- Dataset excerpt:
>>>

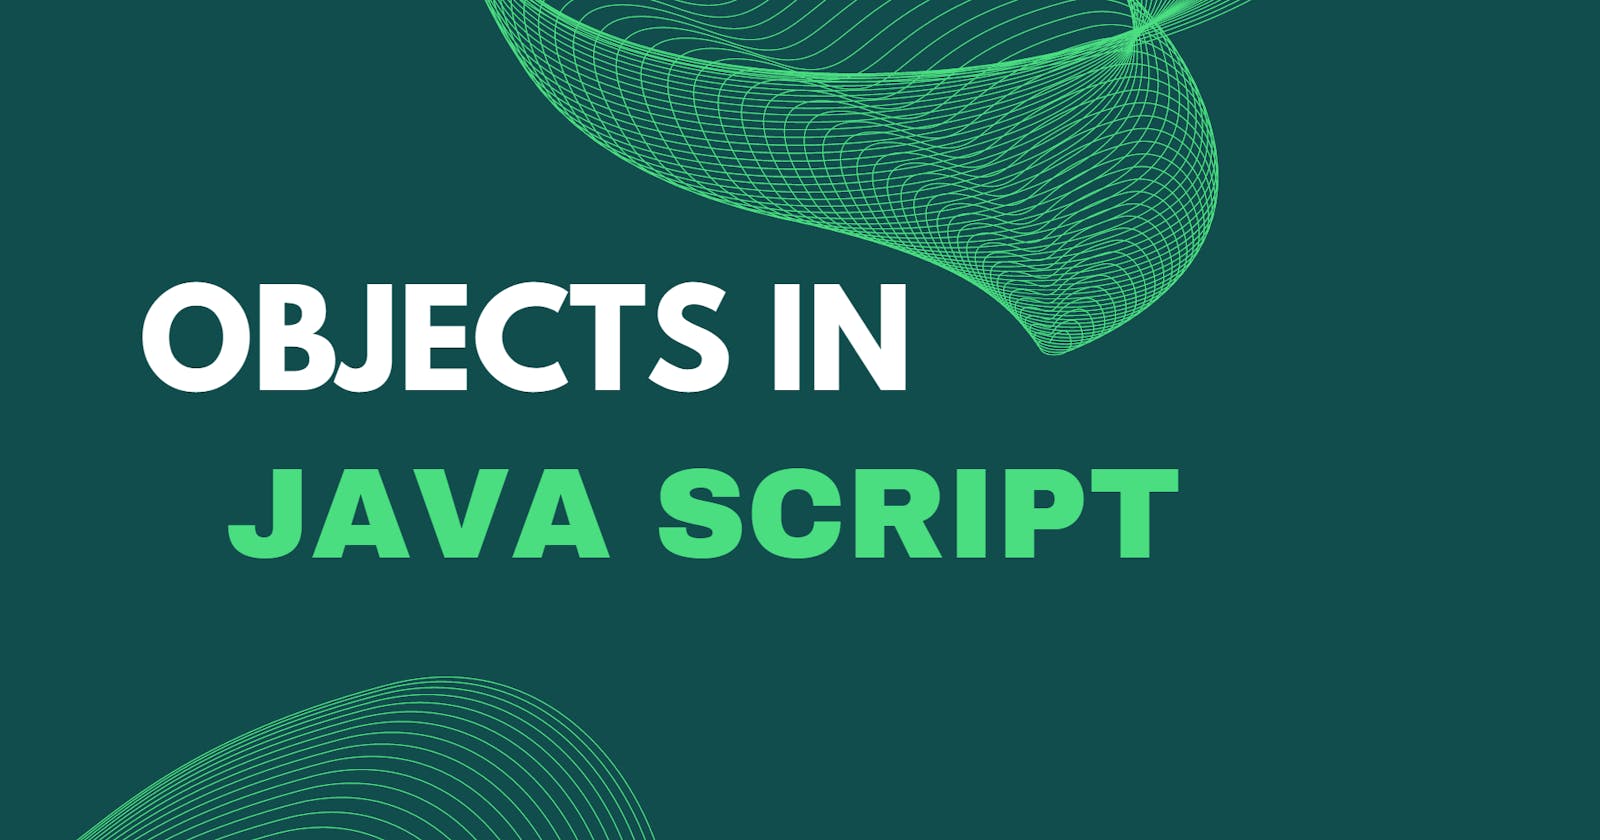 Objects in Java Script
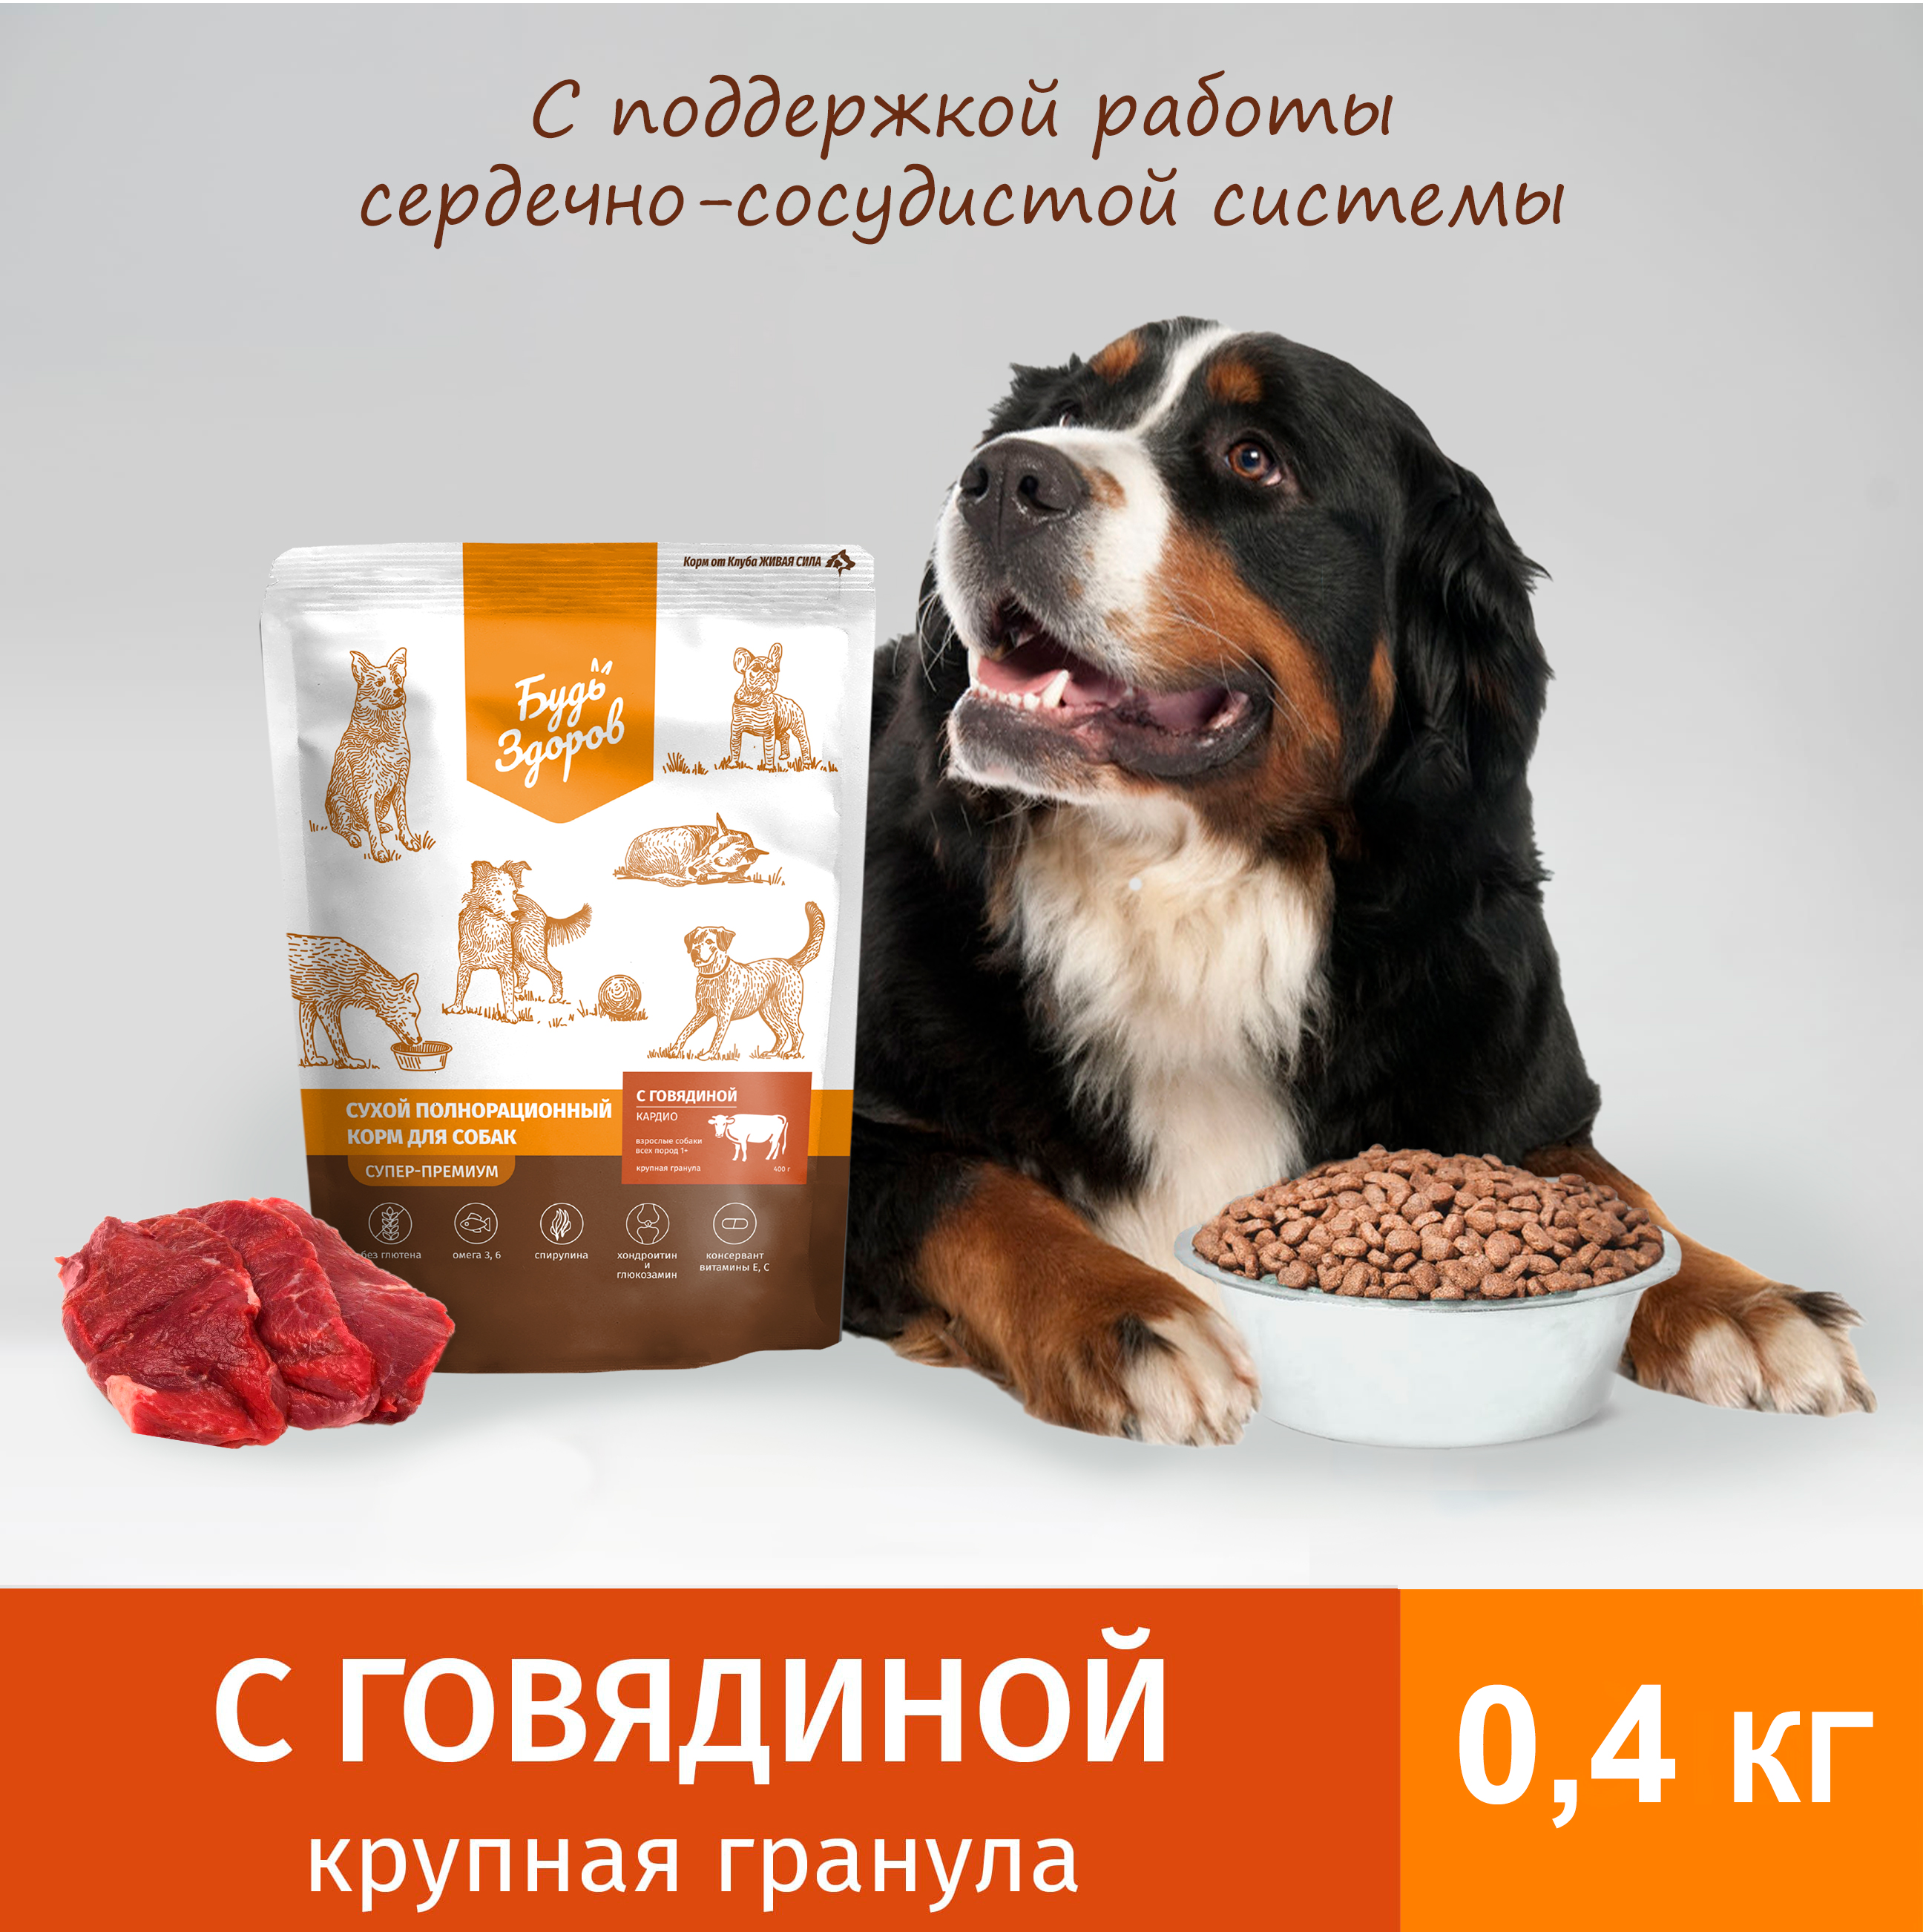 Сухой корм для собак Будь Здоров Живая Сила, крупная гранула, с говядиной, 0,4 кг
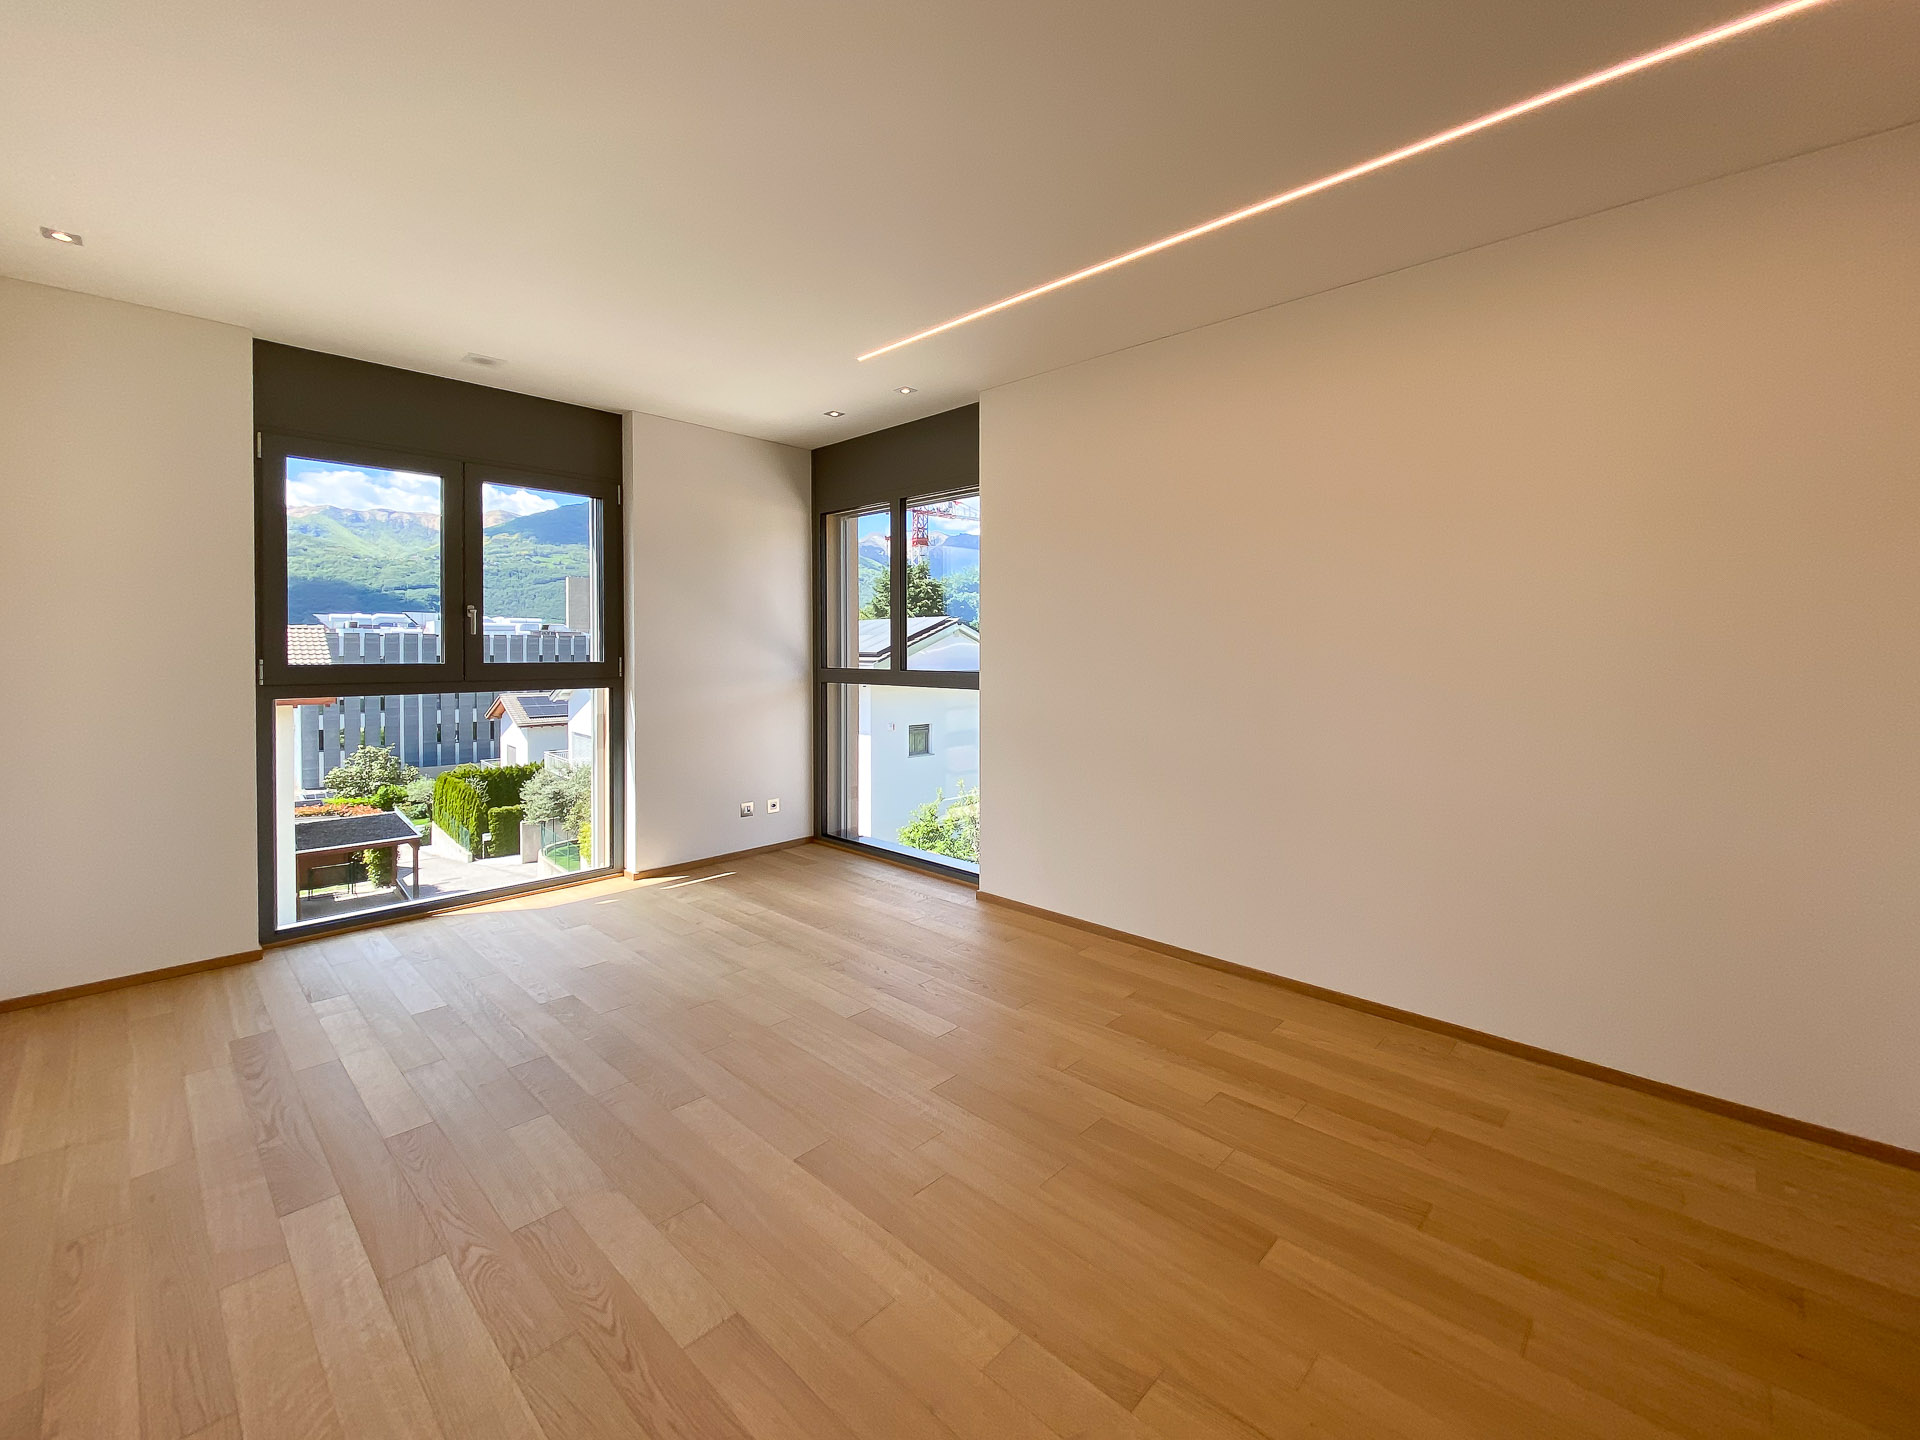 Moderno appartamento 3.5 locali in vendita in una residenza di nuova costruzione

<<<

- Problem statement: Pictures are not part of the copy; reproduce exactly and only the lines from the line containing "Сухой корм для" through the end of the listing.

- Task output:
 Сухой корм для собак Будь Здоров Живая Сила, крупная гранула, с говядиной, 0,4 кг
 Moderno appartamento 3.5 locali in vendita in una residenza di nuova costruzione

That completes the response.